# Comanche roof cover or whole vehicle cover



## cossieg (Oct 27, 2009)

Hi fellow forumites 

Has anyone with a Comanche (or similar) fitted a roof cover or whole vehicle cover? Really want to protect my motorhome over winter while it's in storage and I'm looking for something suitable.


----------



## coppo (May 27, 2009)

Hi
The general consensus of opinion when this question gets asked is don't bother with anything. Give it a good wash and polish before winter, maybe the fenwicks overwintering solution, but do not cover. 
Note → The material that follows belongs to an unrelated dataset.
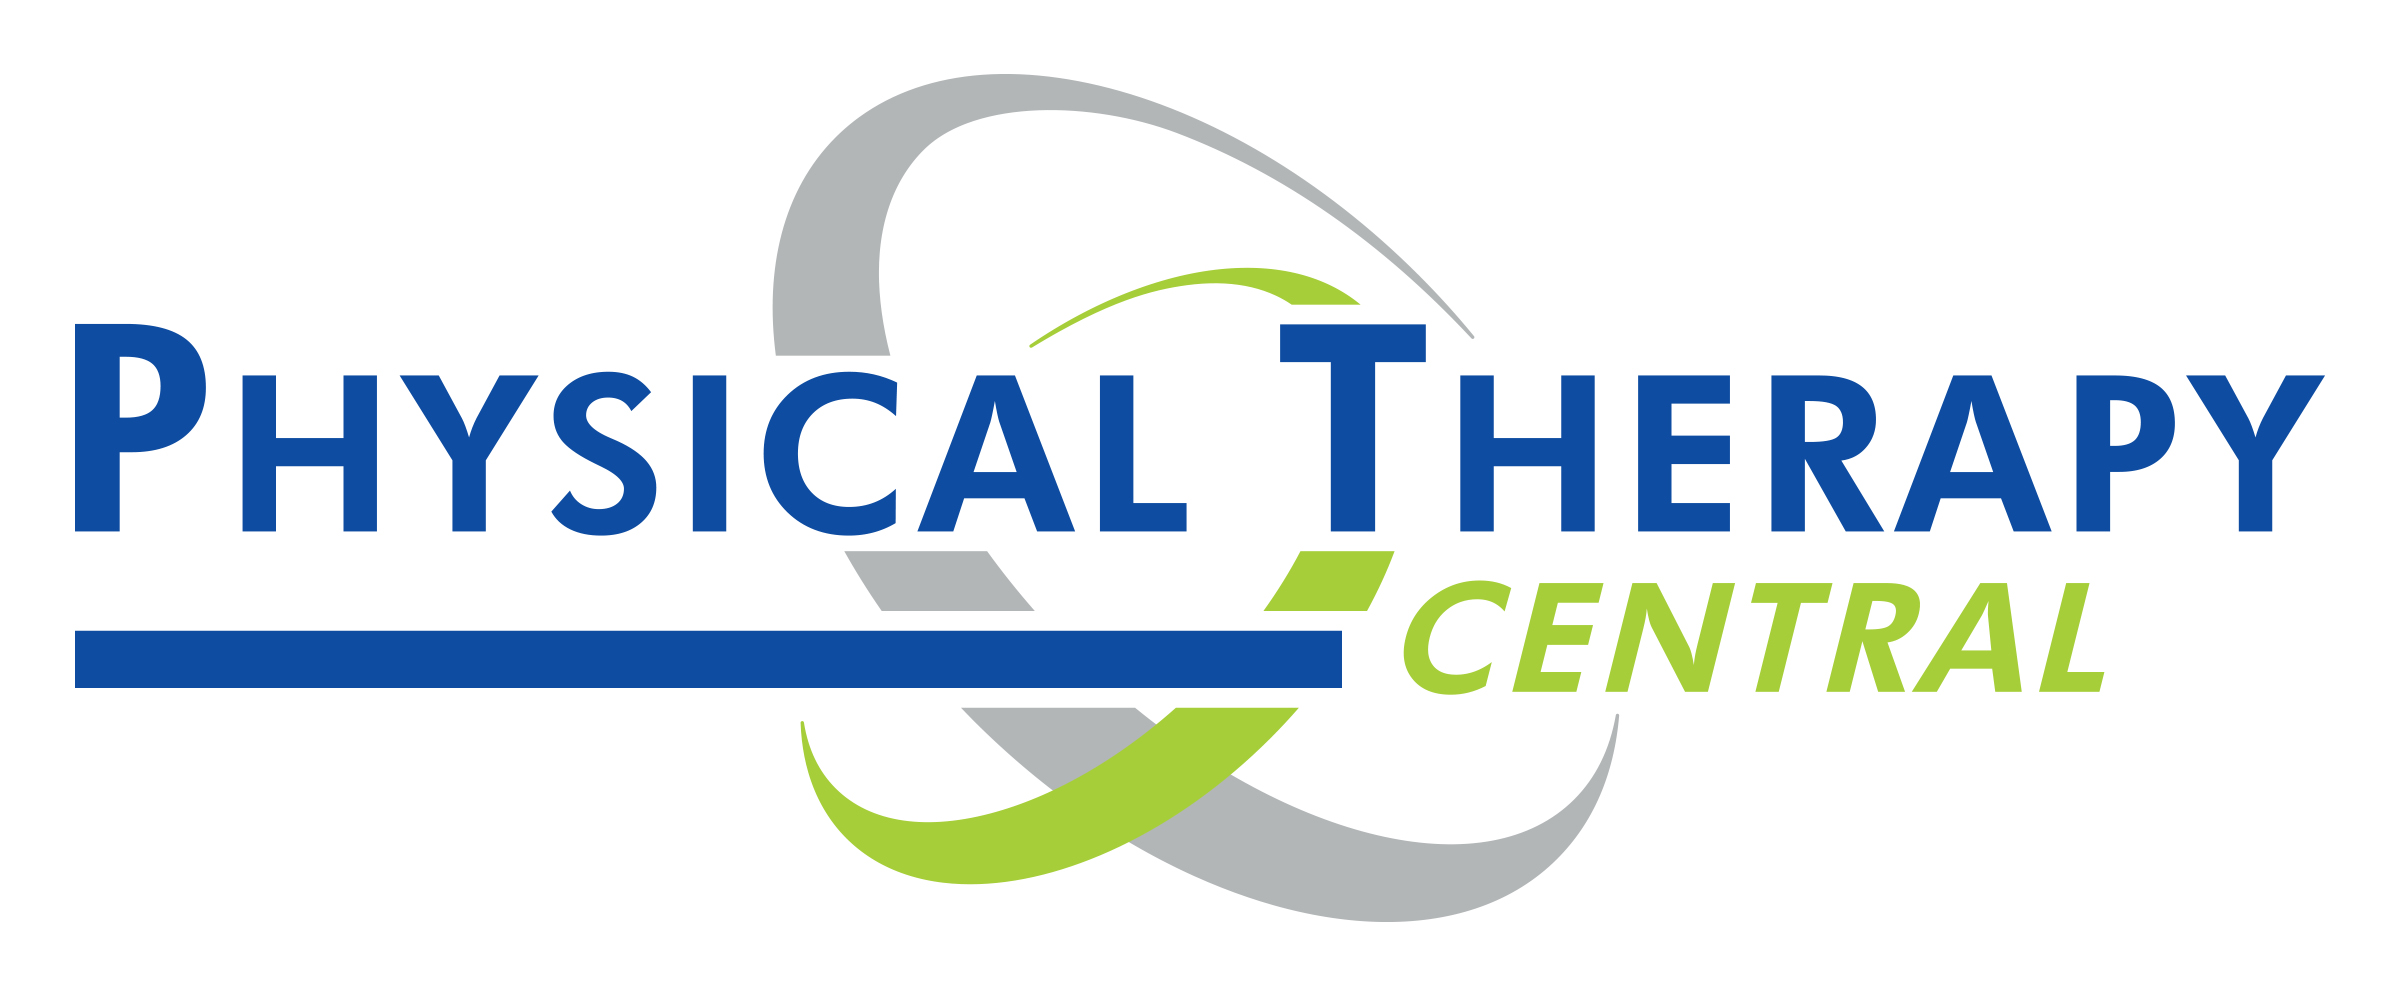 Physical Therapy Central-Davis (201 W Main St)

Most will also advise to use the MH throughoput the whole year so no problem.

Covers are a pain to put on/take off and they can scratch, especially if you get a lot of wind.

Paul.


----------



## dolcefarniente (Jan 2, 2012)

Use it. plenty of sites are open. Cost of a cover will pay the odd night site fee.


----------



## carprus (Jun 22, 2008)

A good quality 4 ply cover is very soft inside and will not scratch the van , also 2 men 1 each side with the cover over a broom can walk alongside and cover in 2 minutes and to strap it up is another 4 minutes max , got to be better than clambering around on ladders trying to clean the roof which in my case takes in excess of 2 hours just to clean the roof . :x 

Rob.


----------



## cossieg (Oct 27, 2009)

*Many thanks*

Many thanks for the prompt replies. Sadly the need for a cover is driven by me having a hip replacement in 6 days time and so I can't use the motorhome for a while. I intend using the motorhome all year round in years to come.


----------



## premiermotorhomes (Feb 13, 2008)

Good evening Cossieg,

I hope the operation goes well, and I am sure you will be looking to getting back on your feet and return to motorhoming as soon as possible.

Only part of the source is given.